- **ASSIGNMENT**
As you reproduce every line below, keep it exactly as written and leave out the images.

───── SOURCE DATA

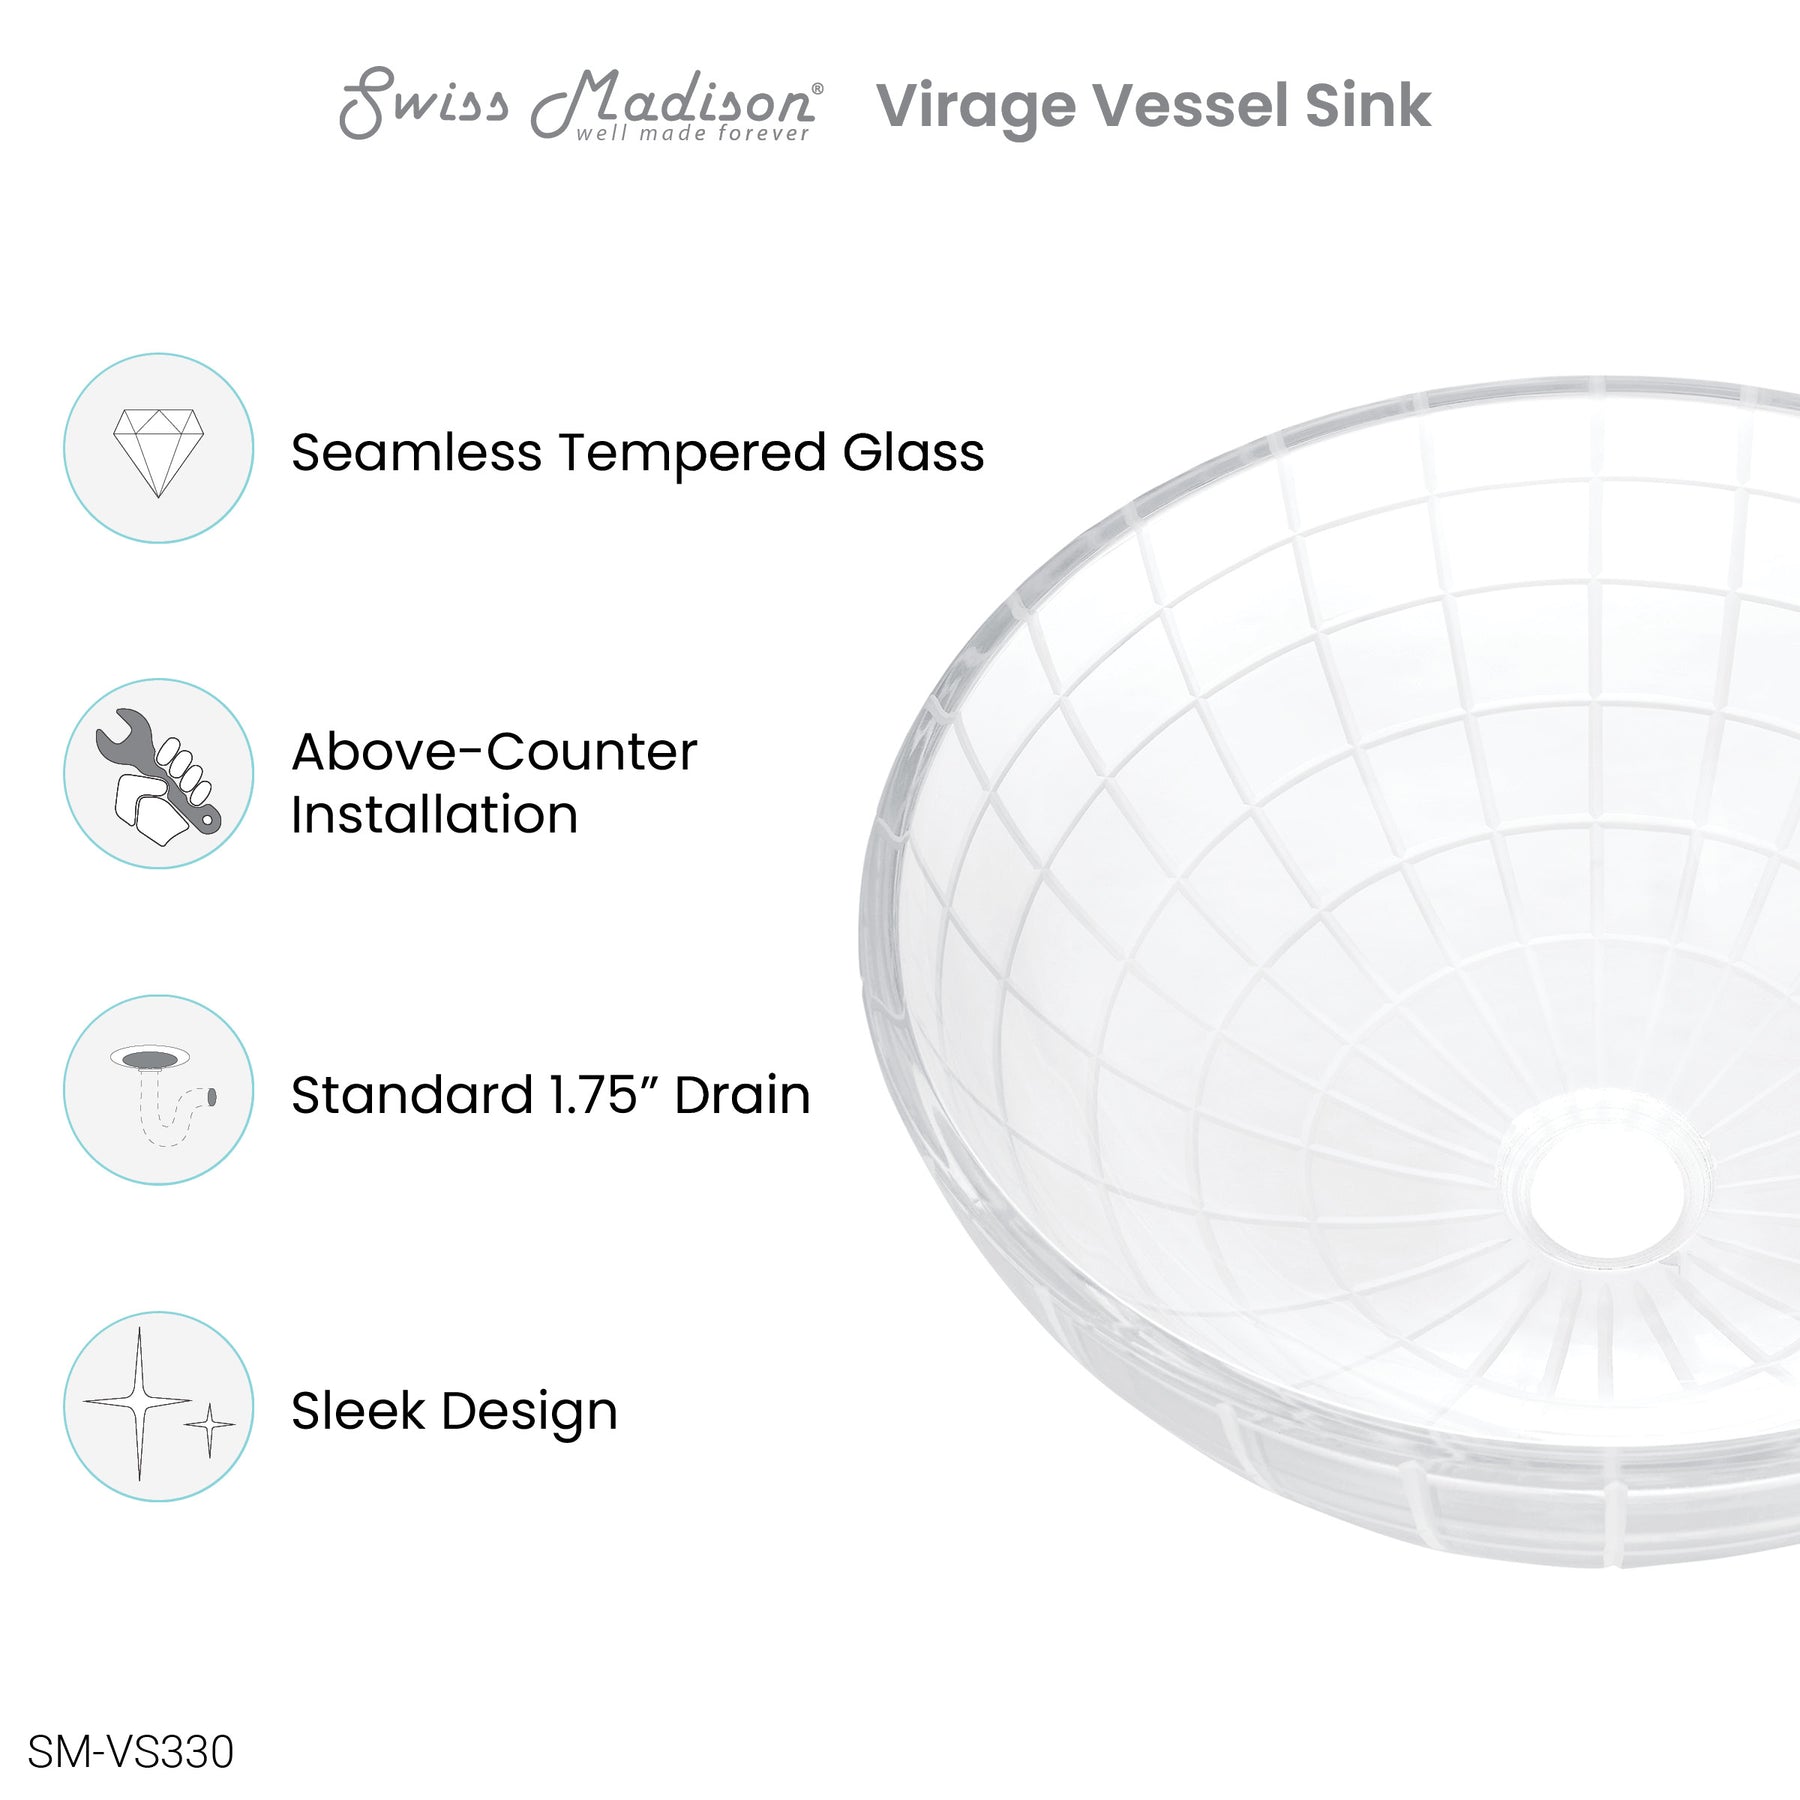 Swiss Madison Virage 16.5" Round Glass Vessel Sink - SM-VS330
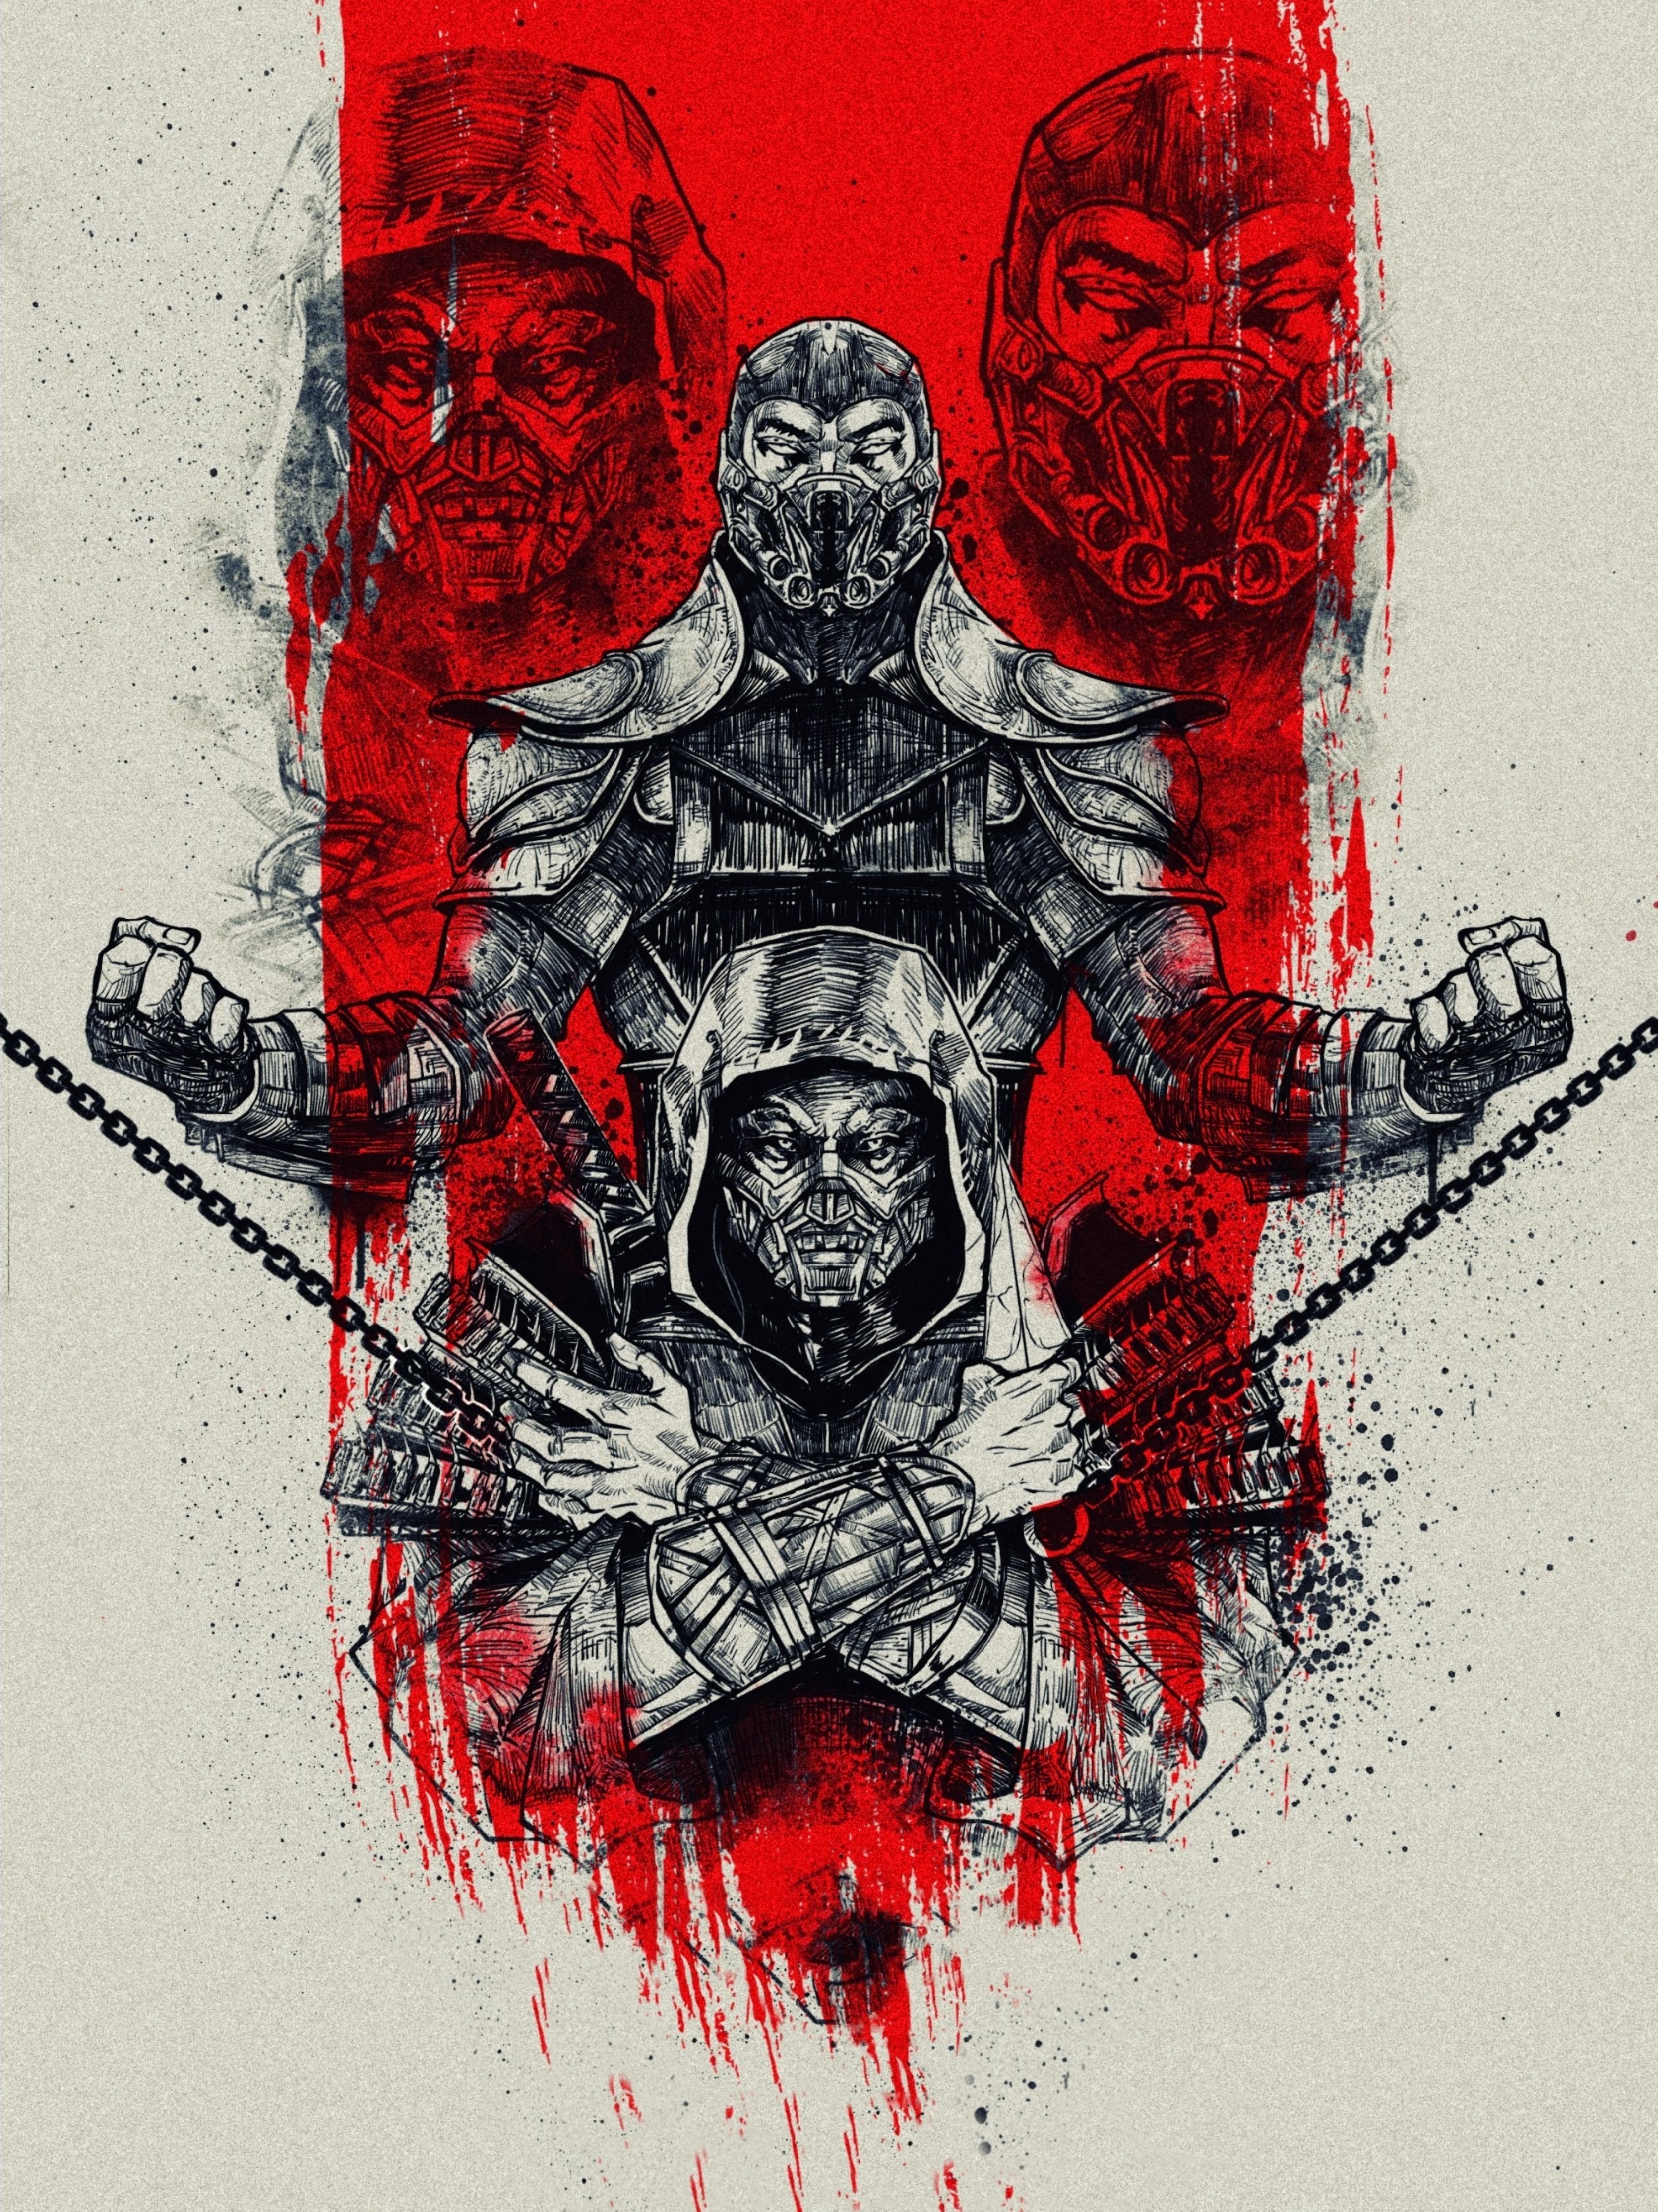 Mortal Kombat (2021) Poster Design : r/MortalKombat
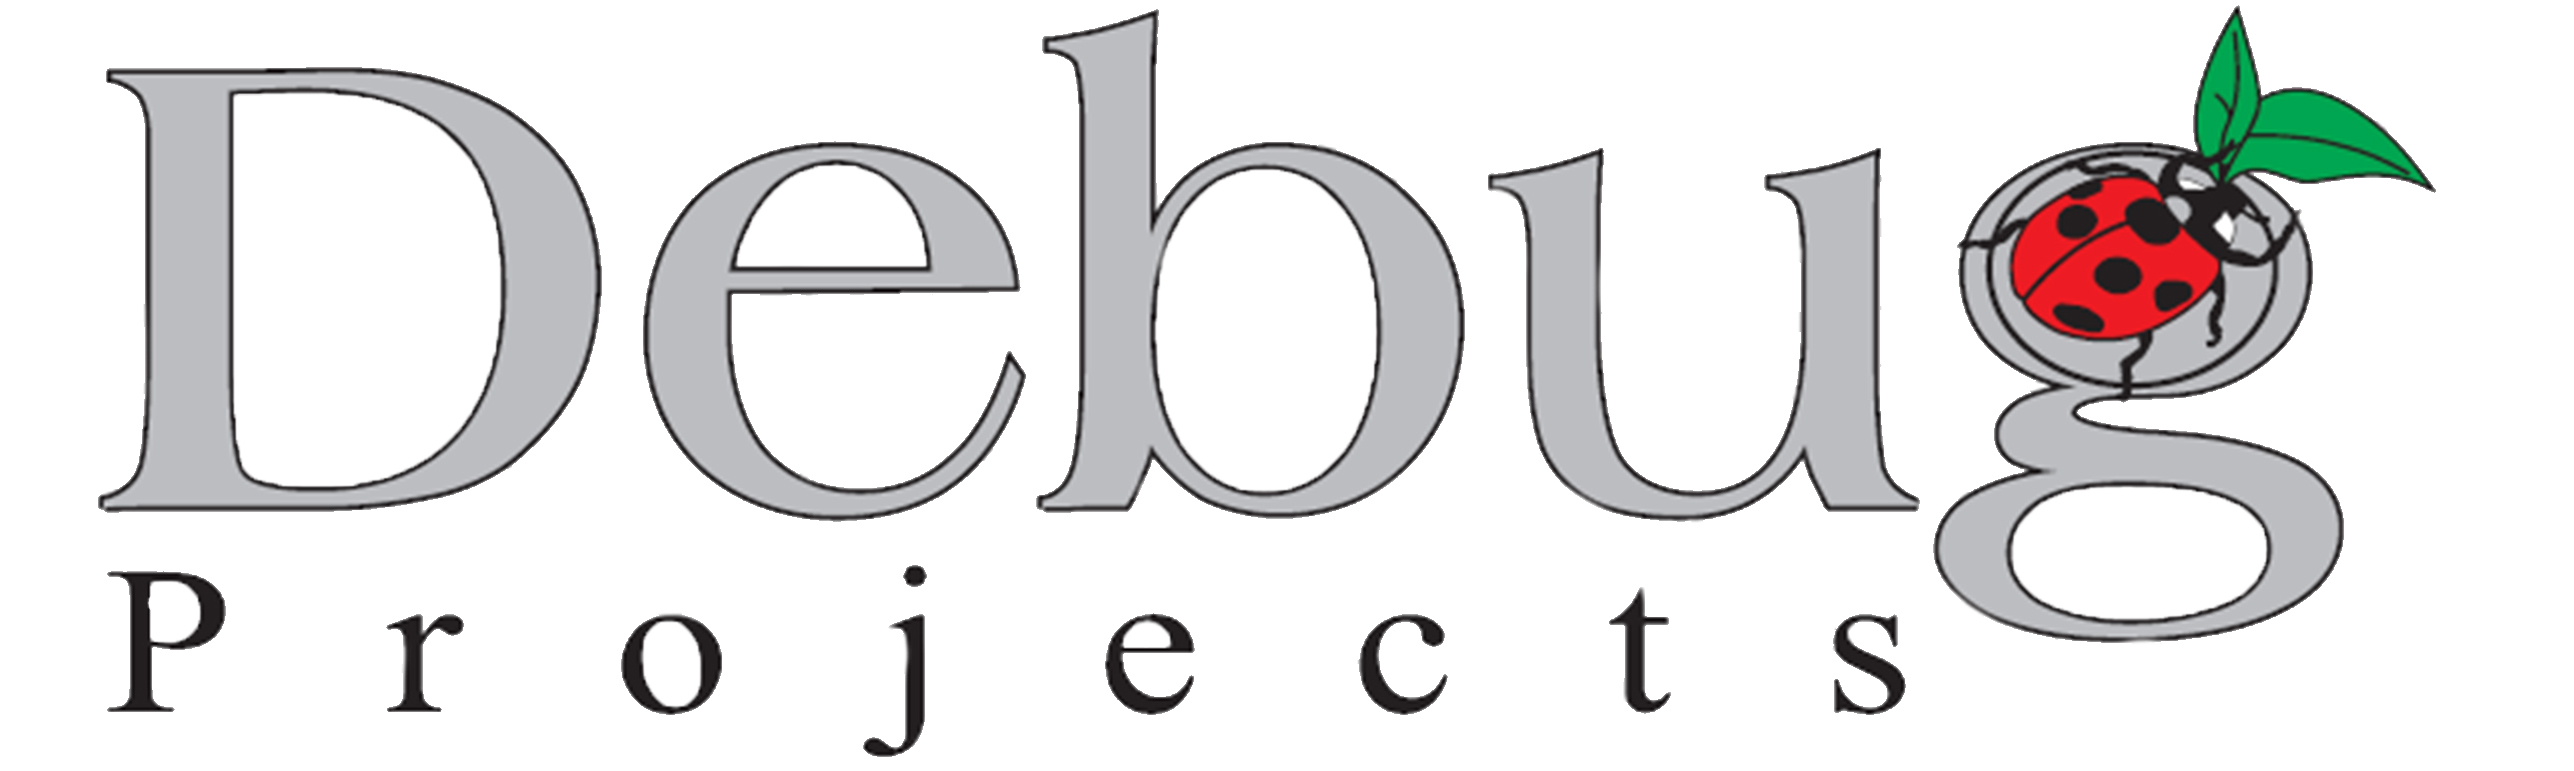 Debug Project Logo

──────────

- **RESPONSE FOR THIS EXERCISE**
 Swiss Madison Virage 16.5" Round Glass Vessel Sink - SM-VS330
 Mortal Kombat (2021) Poster Design : r/MortalKombat
 Debug Project Logo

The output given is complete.